I specifically remember the "Denford" (Denon created in conjunction with Rockford Fosgate) Plaid MP3's. Also I know the 9815's-9887's do as well, however they are not considered true "audiophile" quality. Just the next best thing for those WITH a budget.

However, I think those are a little off track as a true "audiophile" will nit pick all day at even some of the best compressed MP3 files.


----------



## cyberdraven (Oct 28, 2009)

I guess we've fancied much on tuning- EQ, TA, Crossovers. I would personally have a "decent" sound with a dead center, having wide soundstage and proper imaging than having an Analog sounding system with no proper alignment. We just couldnt live without tuning in car audio because of the car environment.

Back in the days, most hi-end stuff are dead heads with bass and treble knobs. Needless to say, many opted to have an outboard processor and crossover. To sum it up, advances on technology invented a package solution in the form of a single deck.


----------



## JdotP17 (Apr 24, 2010)

In my opinion Headunits are very poor pieces of audio equiptment, just look at their size, how can you possible cram in all that technology, features and proper space managment, cabling and a decent power supply in a box the size of a CD drive.

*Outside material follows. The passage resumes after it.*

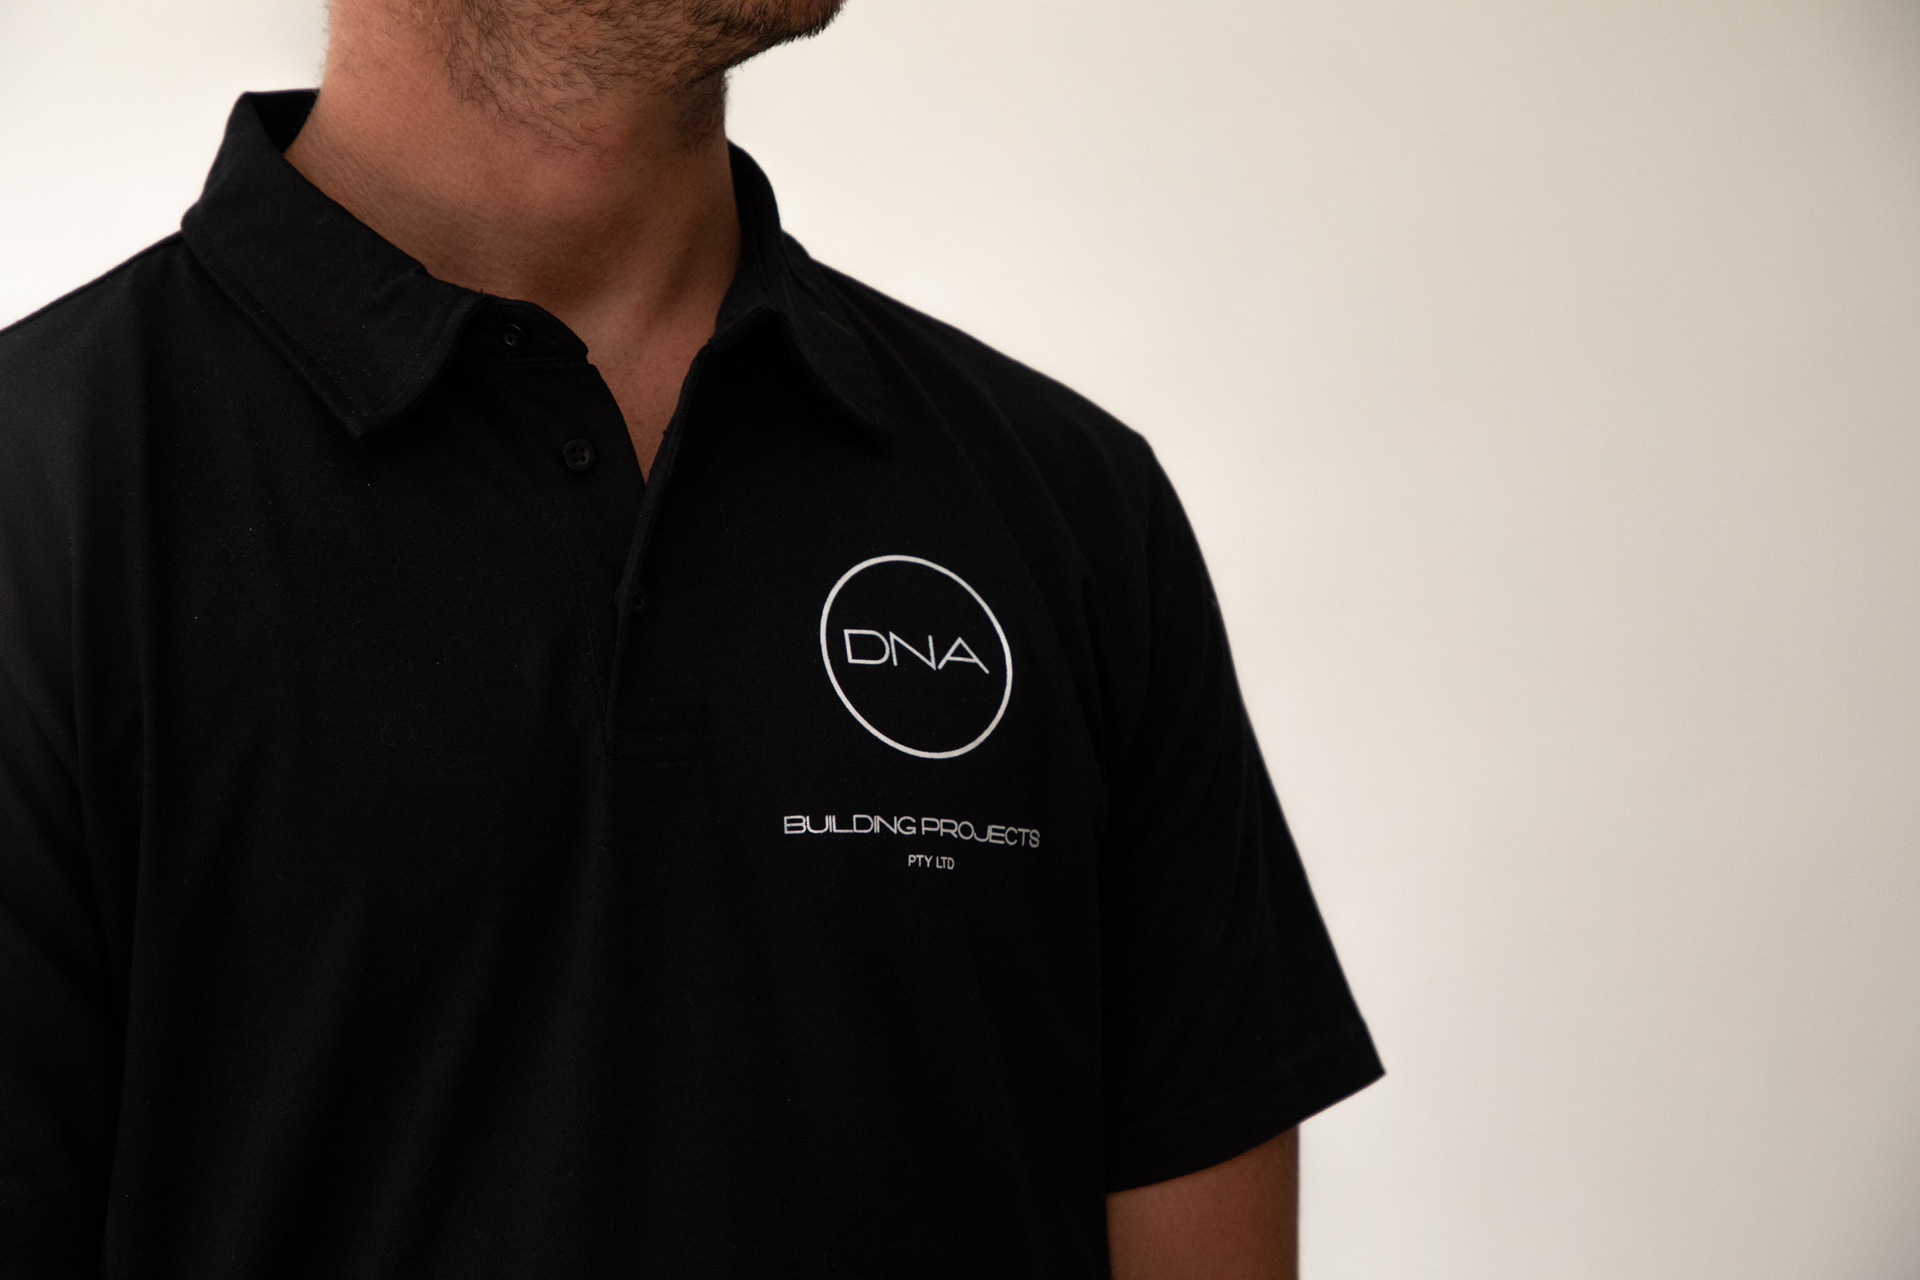 DNA building projects logo on a black tshirt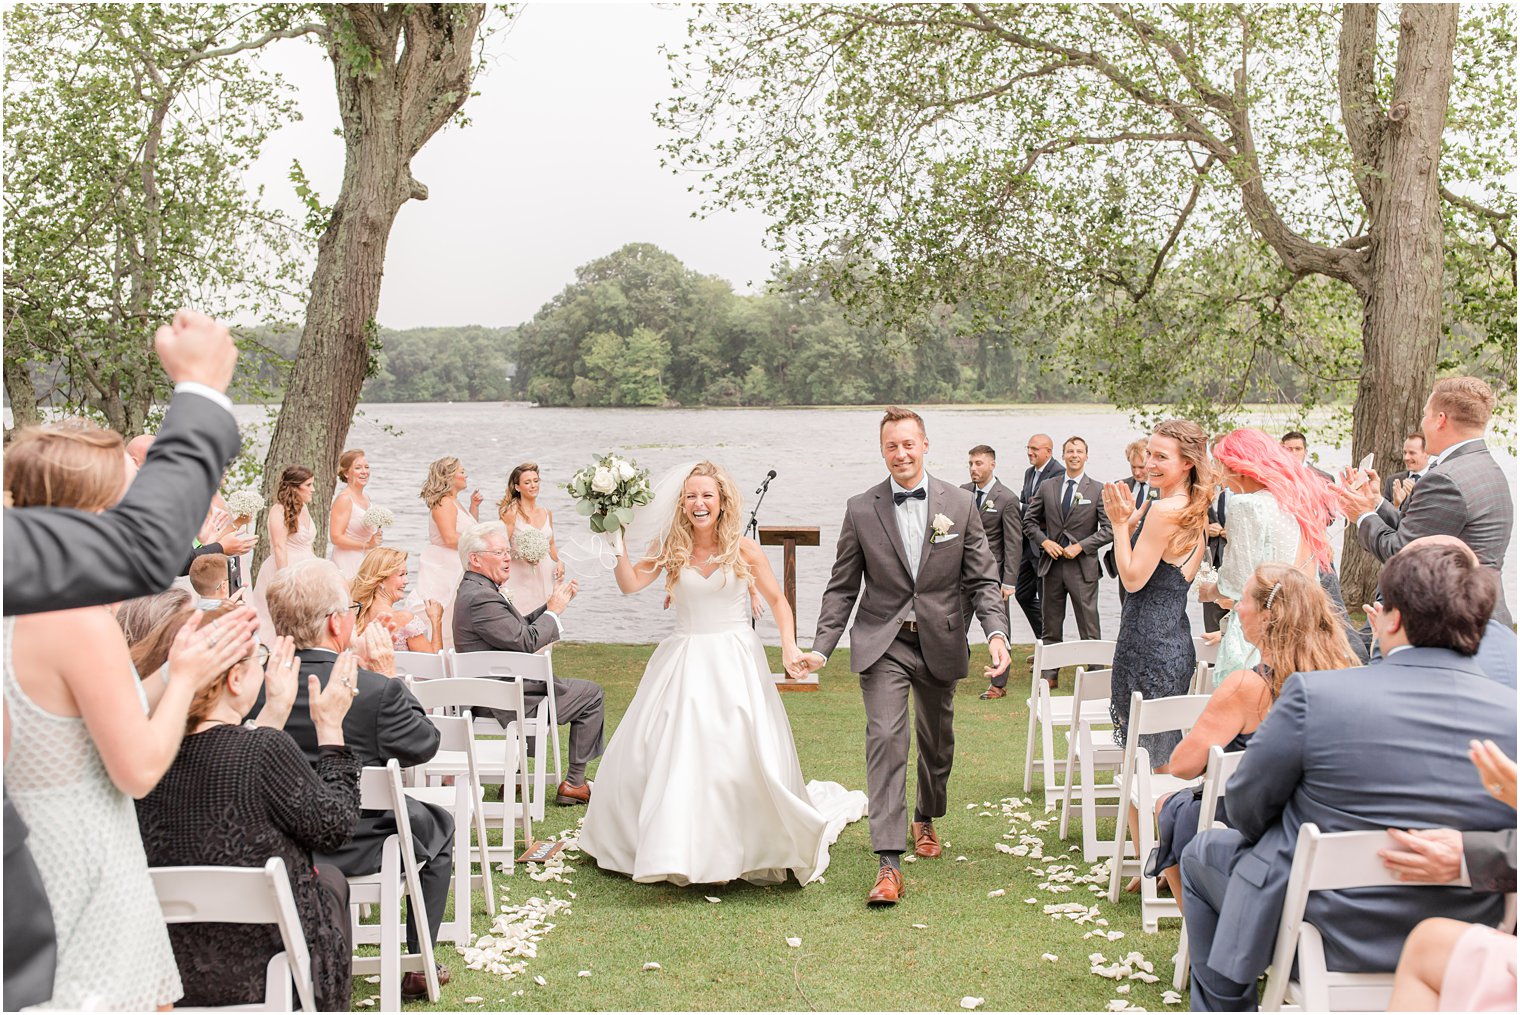 newlyweds walk up aisle after outdoor wedding ceremony in Franklin Lakes

If you want top quality sound in your car the easiest solution is simply, buy a laptop connect it to an external DAC via opitcal then an EQ Fader box (with Front and Rear + Sub woofer outputs to Crossover box (Only for Active) to speakers. Job done.

You know have all the features possible in the entire audiophile world avalible through the laptop, the quality of home audio Digital to analog converter (i.e if you prefer non-oversampling go ahead) and the functions of a fader control to fader front to rear not that youll ever use your rear speakers if your a real audiophile.

Thats my opinion, ive tried a few headunits and they all sound so very digital and tinney, very unnatural sounding of which is only really good for Dance, Drum and Bass and Hip Hop genres of music (surprise surprise).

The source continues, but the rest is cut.